Estrellas de ayer: Latin Camp
If nostalgia is the impossibility of a return to origin, queer nostalgia is the salvage of a symbolic past. These filmmakers borrow an alternative origin from Hollywood stars; these figures are also a site for mining, appropriation, and excess, forming private and collective mythologies that work against linear conceptions of time or history. This program proposes a new constellation of Latin/o American fascination with Hollywood glamour, starlets, and performative extravagance: Ecuadorian artist Eduardo Solá Franco's recreation of Hollywood's Herculean heroes and mythological fantasies, José Rodríguez Soltero’s classic Lupe (1966); Teo Hernandez's Estrellas del Ayer (1969) where he pays homage to Greta Garbo, Joan Crawford, Lupe Vélez, Marlene Dietrich, replete with campy nods to the star system; and finally raunchy an provocative interpretation of "the Queen of the Bolero" Olga Guillot in A Olga by Horacio Vallereggio (1975).

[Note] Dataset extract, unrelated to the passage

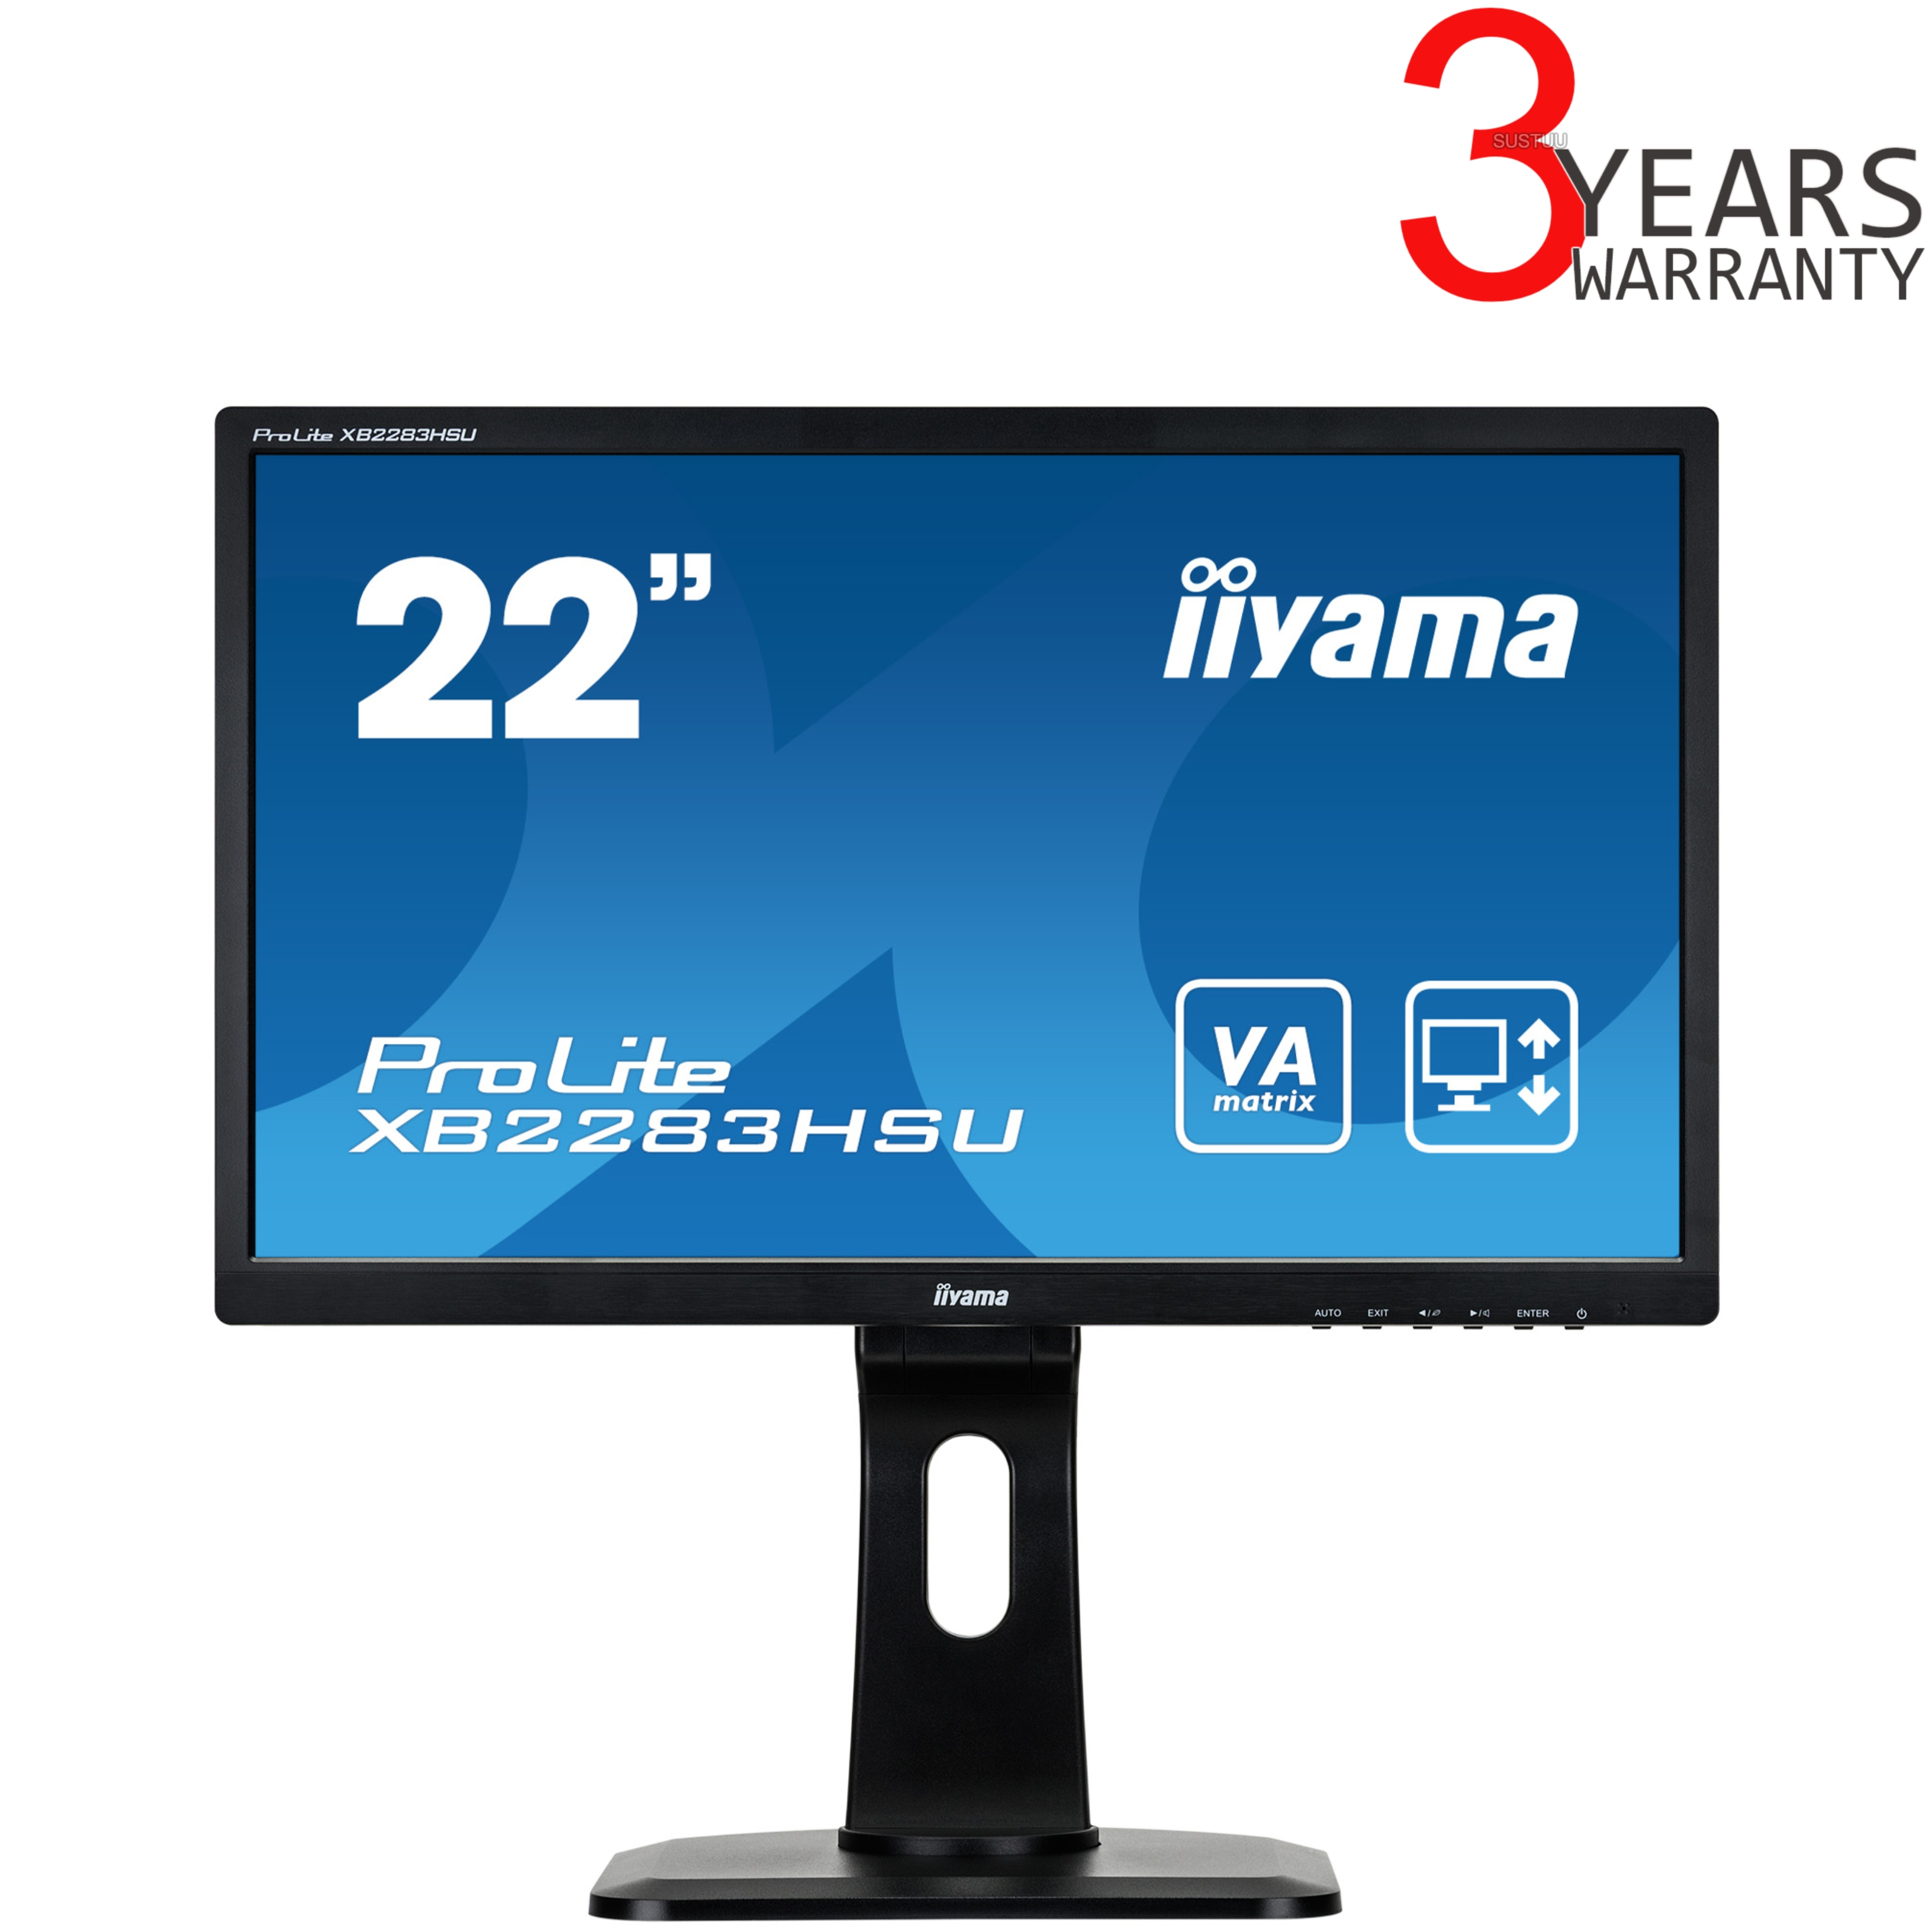 "iiyama XB2283HSU-B1DP 22"" ProLite VA HD H/A LED Computer Monitor Screen - Black"
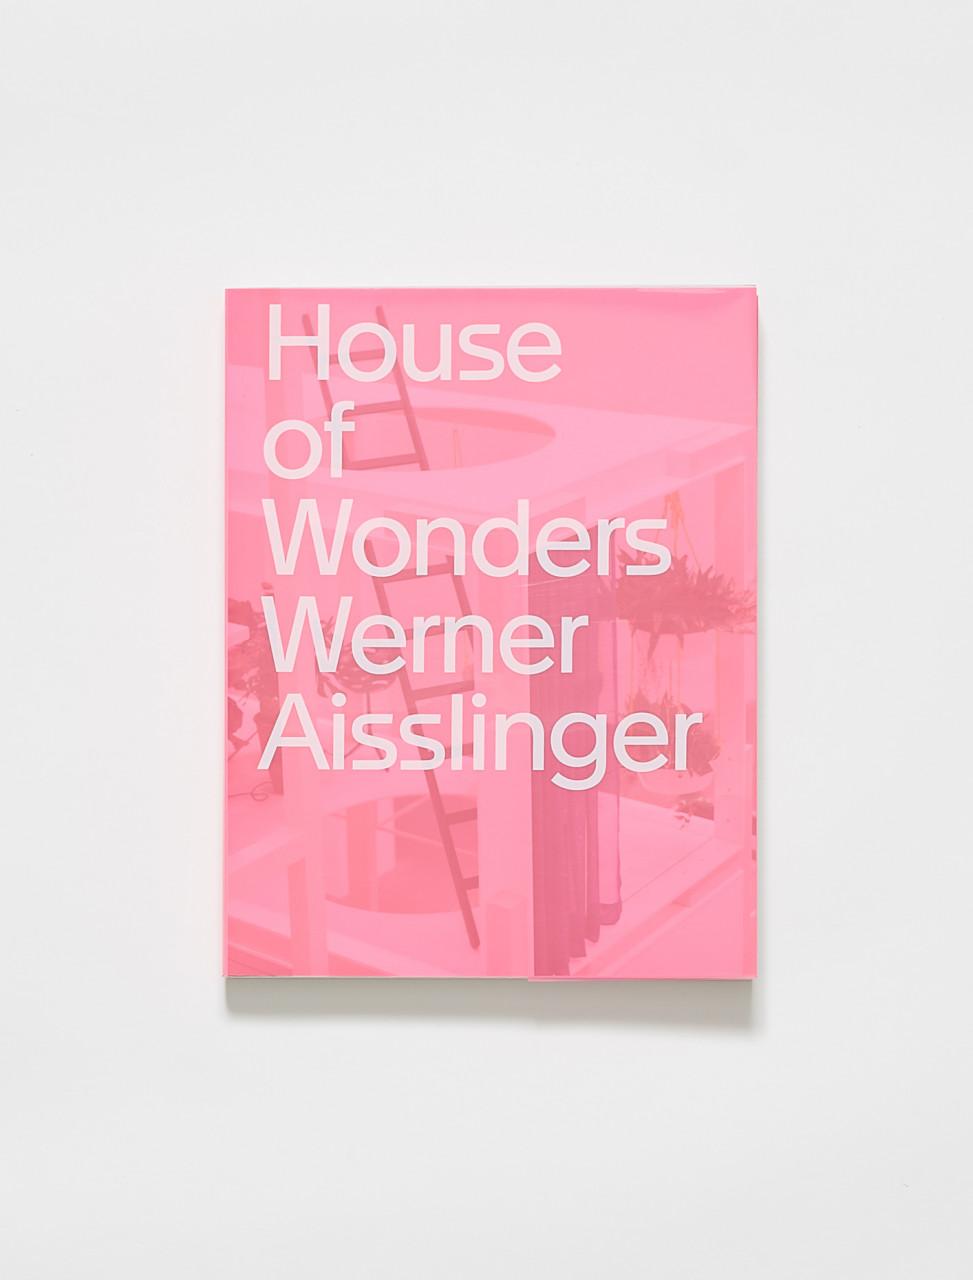 9783960981572 HOUSE OF WONDERS WERNER AISSINGER

"Strangely neglected for way too long, Jose Rodriguez Soltero's Lupe is an underground classic of the stature of Flaming Creatures, Scorpio Rising, Hold me While I'm Naked, or The Chelsea Girls. It is ostensibly a biopic of Lupe Velez inspired by Kenneth Anger's sketch of the Mexican spitfire in Hollywood Babylon and, stylistically, by Von Sternberg's Marlene Dietrich vehicles. Rodriguez Soltero takes some liberties with the facts and produces a color-saturated, gorgeous dime-store baroque that tells of Lupe's rise from whoredom to stardom, her fall into fractured romance and suicide, and her ascension into the spirit world." --- Juan Suarez
Lupe, Jose Rodriguez-Soltero (1966) 16mm, color, 49.5 min. Courtesy of Anthology Film Archives, New York.